Soft Taco Filling: Seared Duck
Pato Doradito para Taquear, Estilo MP
Makes 12 tacos serving 4 to 6
Recipe from Season 4 of Mexico - One Plate at a Time
1/2 pound (about 4 medium) tomatillos, husked, rinsed and cut into quarters
1 large garlic clove, peeled
Hot green chiles to taste (roughly 2 serranos or 1 jalapeno), stems broken off, roughly chopped
1/2 to 2/3 cup (loosely packed) cilantro, thick lower stems cut off
1 ripe, medium avocado, pitted, flesh scooped from the skin, cut into 1/4-inch pieces
Finishing the dish
1/2 cup soy sauce
1/4 cup water
1/4 cup mirin (sweet rice wine) - available at well-stocked grocery stores
2 tablespoons sugar
2 tablespoons vegetable oil
2 cups (8 ounces) coarsely shredded roast duck meat (pulled off half of a Chinese roast duck)
12 warm flour tortillas, for serving
Combine tomatillos, garlic, chile and cilantro in a blender jar.
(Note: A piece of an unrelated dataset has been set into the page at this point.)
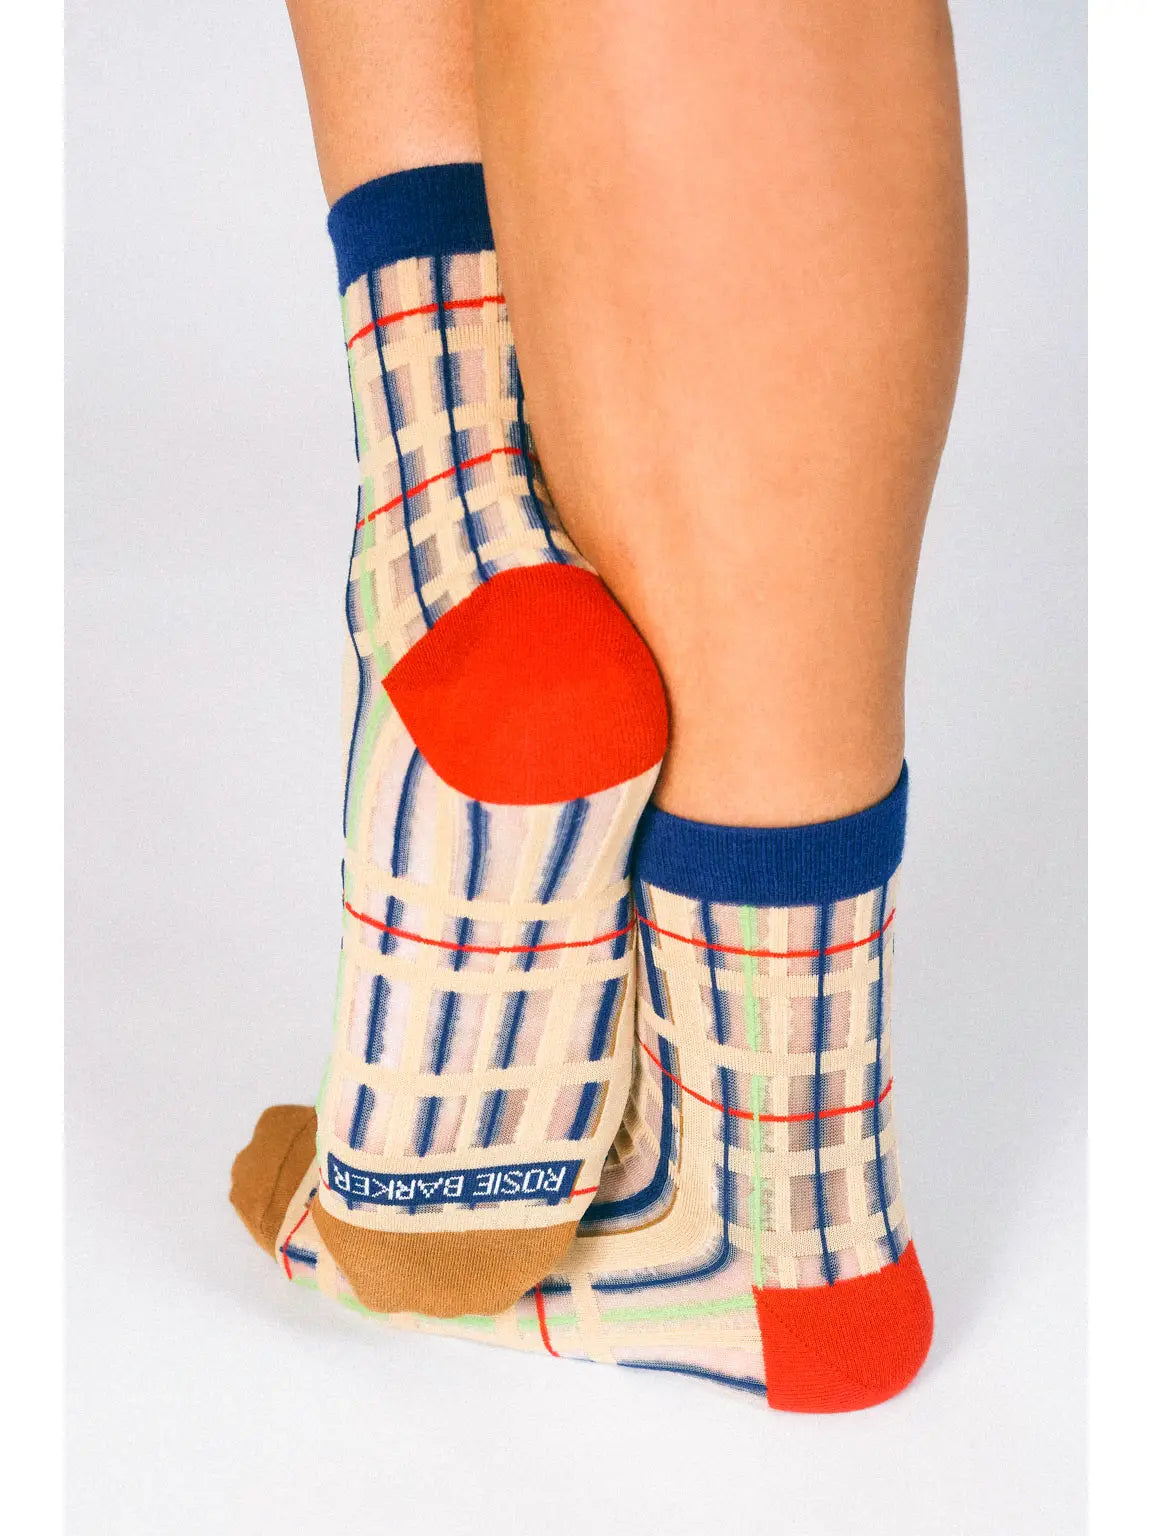 Sheer Grid Ankle Socks by Rosie Barker

Add 1⁄4 cup water and 1 teaspoon salt. Begin blending on low, at first pulsing to get the mixture moving evenly through the blender blades. Blend to a coarse puree. Taste and season with additional salt, if you think necessary. Pour into a serving dish and stir in the avocado.
In a small saucepan, combine the soy, water, mirin and sugar. Simmer over medium heat until just beginning to thicken, 15 to 20 minutes.
In a wok, heat the oil over high heat. When just beginning to smoke, add the duck and stir-fry until browned. Dribble in 2 or 3 tablespoons water, stir-fry a minute longer (to soften any overly crispy edges), then add 1⁄4 cup of the sauce. Stir-fry a minute longer, until the duck is glazed. Scoop onto a serving platter. Serve with warm corn tortillas, the tomatillo salsa and the remaining sweetened soy sauce.